Task -
From top to bottom, return the listing exactly as it appears, omitting its images.

Source data -
========

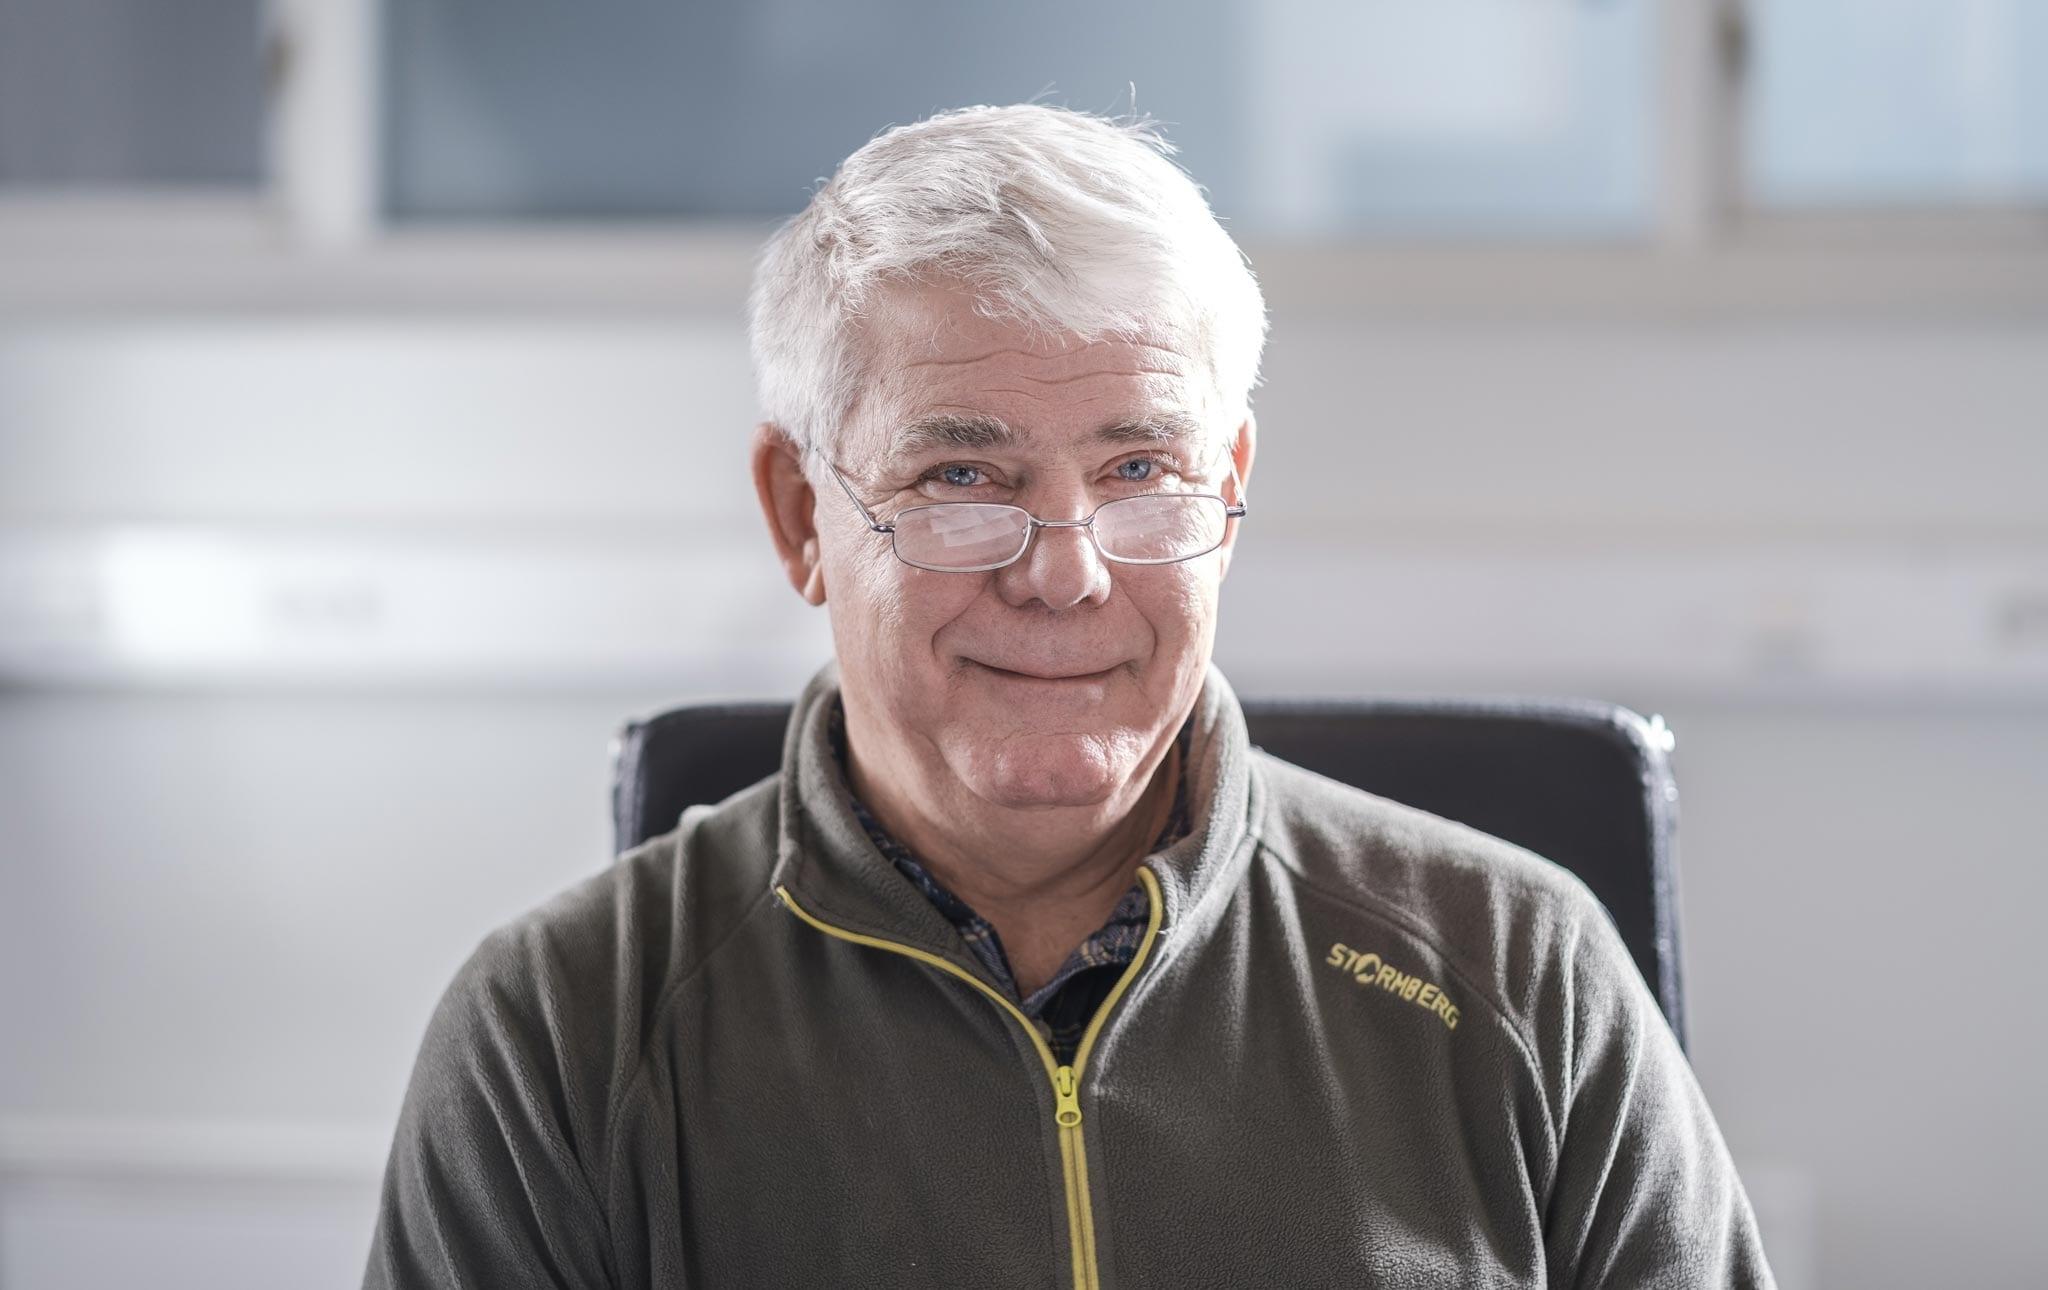 Svenn Erik Krog
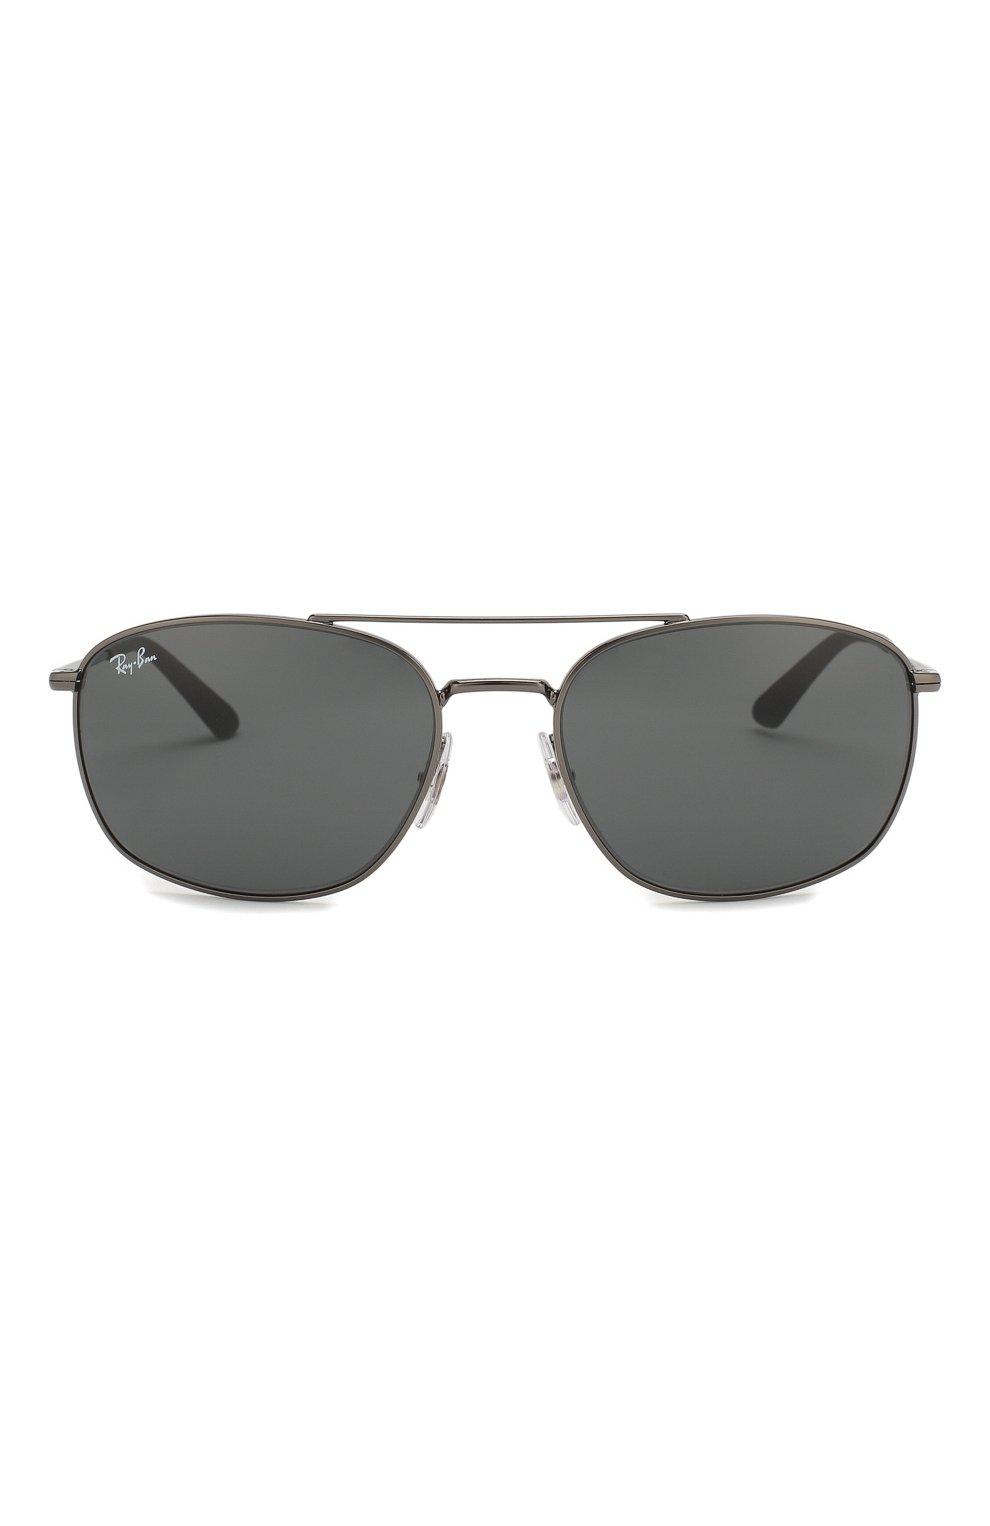 Мужские солнцезащитные очки RAY-BAN темно-серого цвета, арт. 3654-004/87   Фото 3
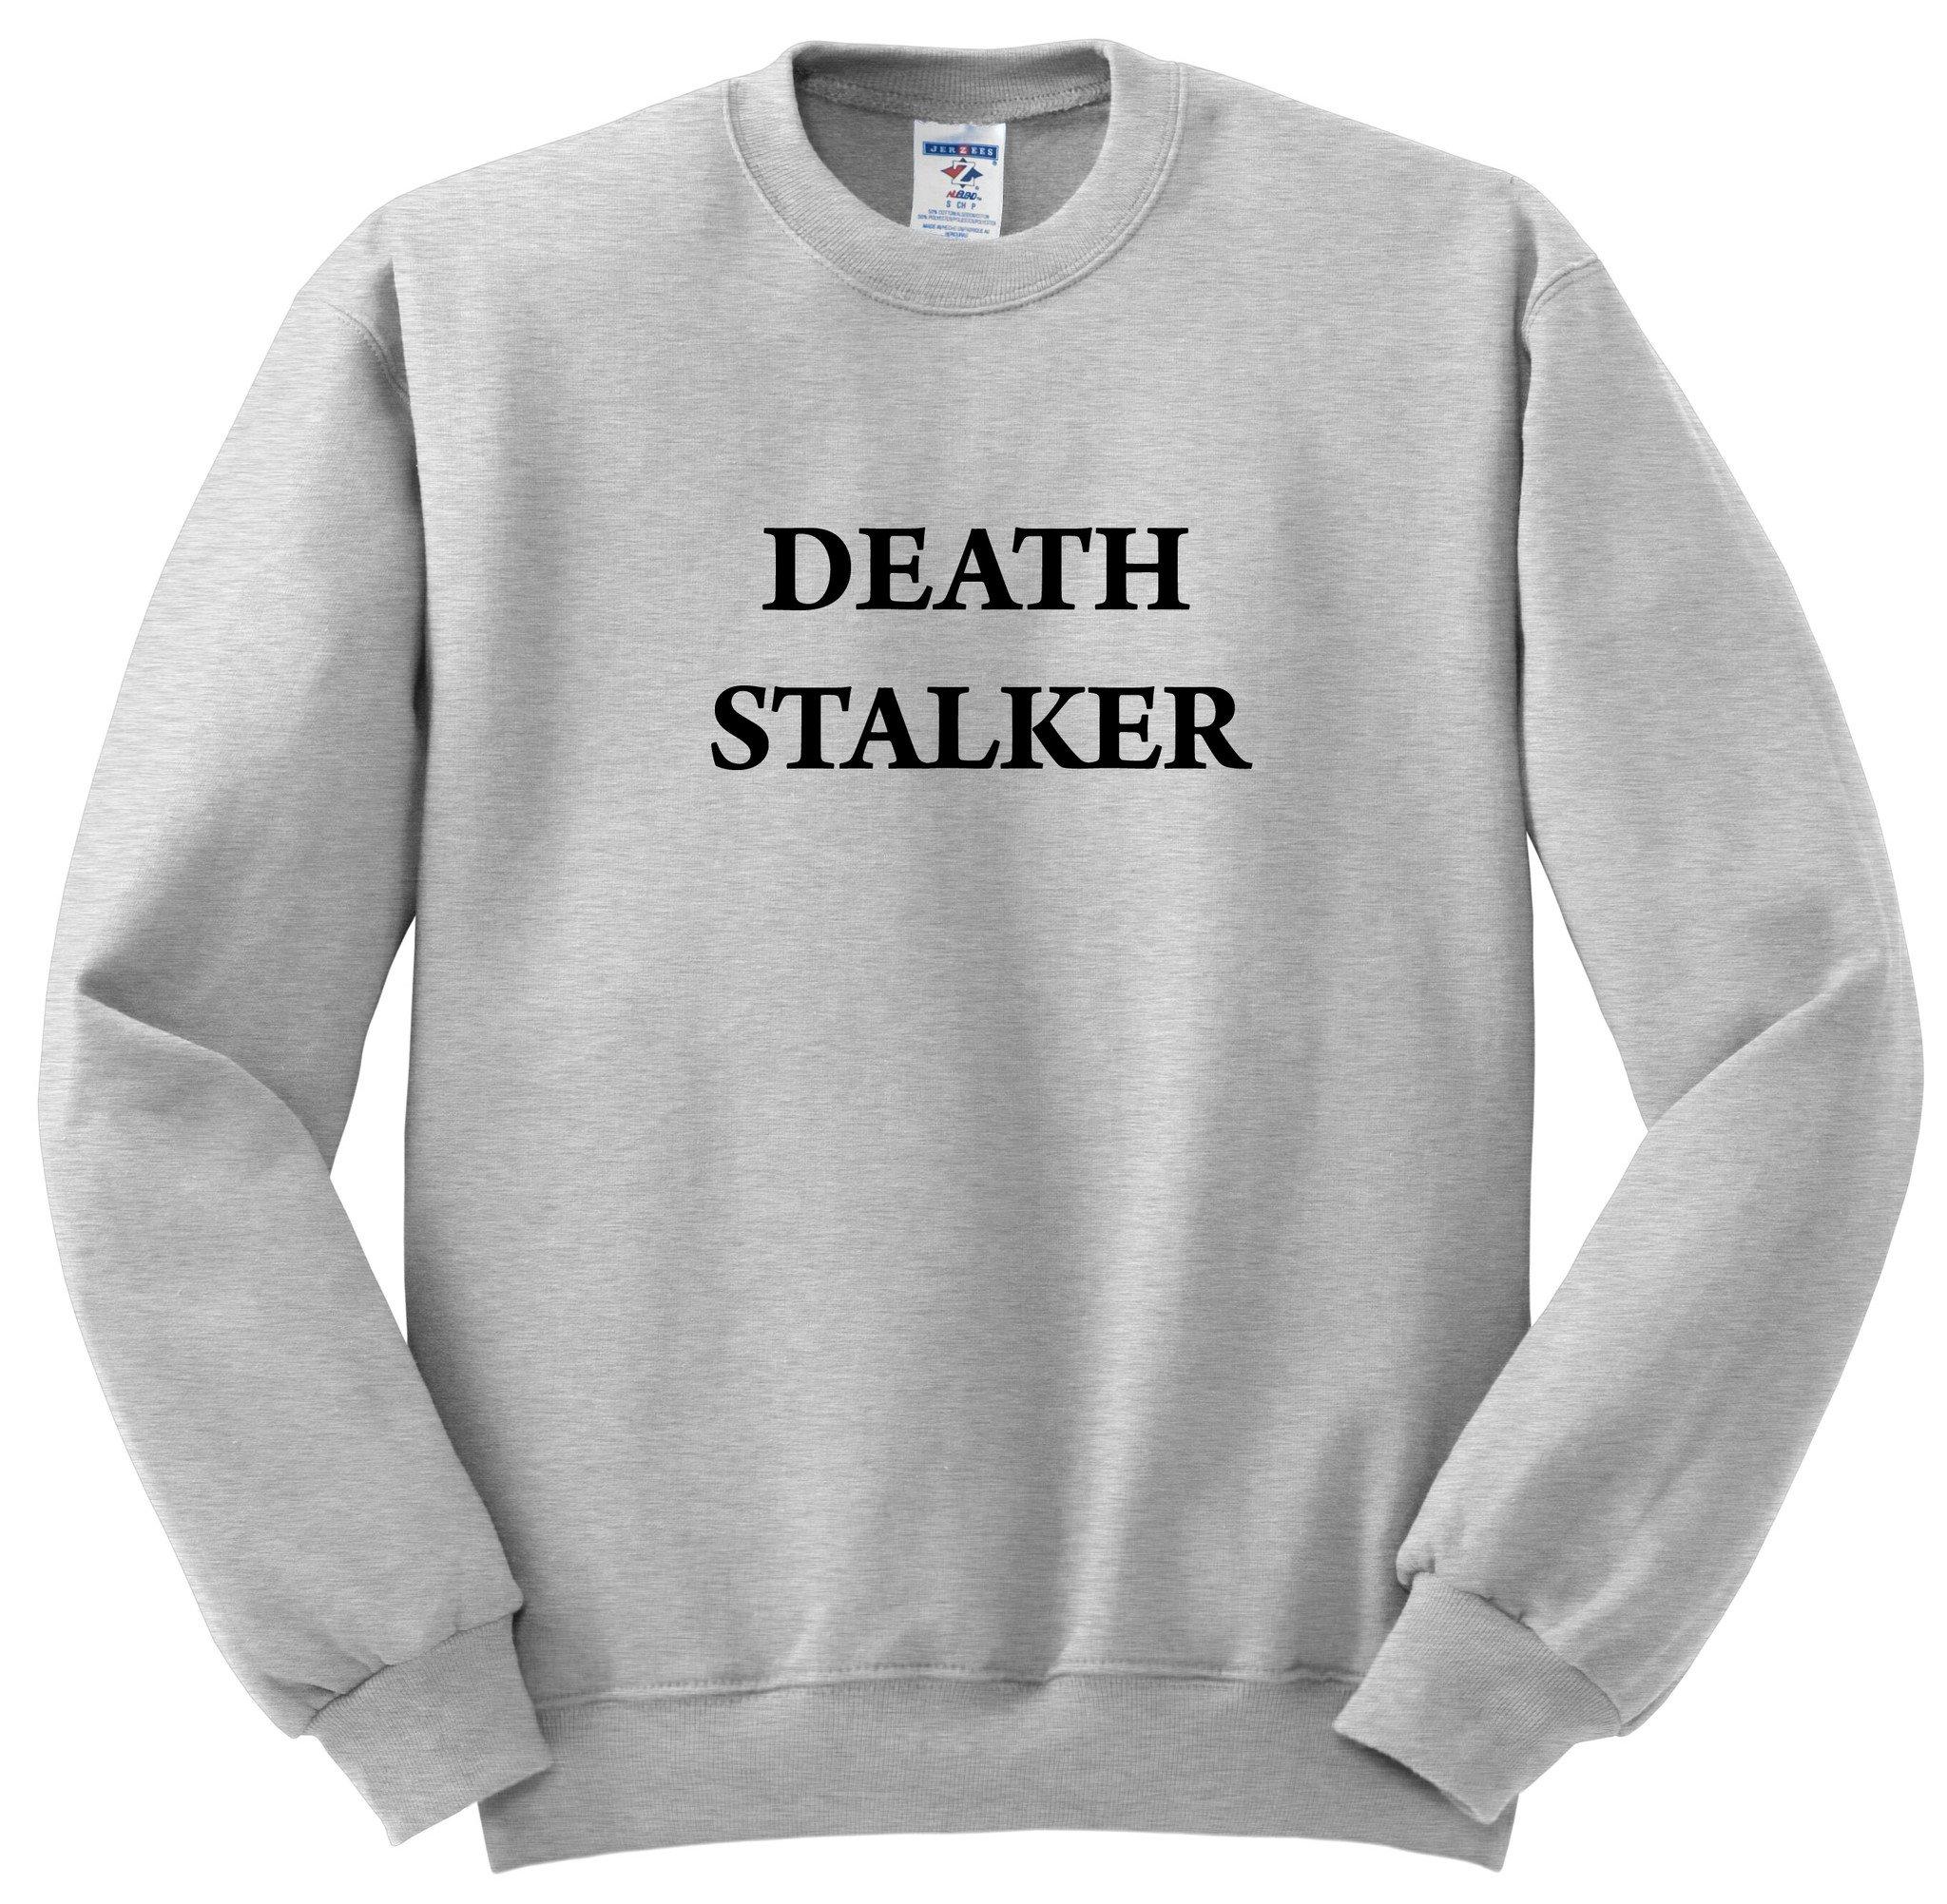 death stalker sweatshirt

========

Task result -
 Svenn Erik Krog
 Мужские солнцезащитные очки RAY-BAN темно-серого цвета, арт. 3654-004/87   Фото 3
 death stalker sweatshirt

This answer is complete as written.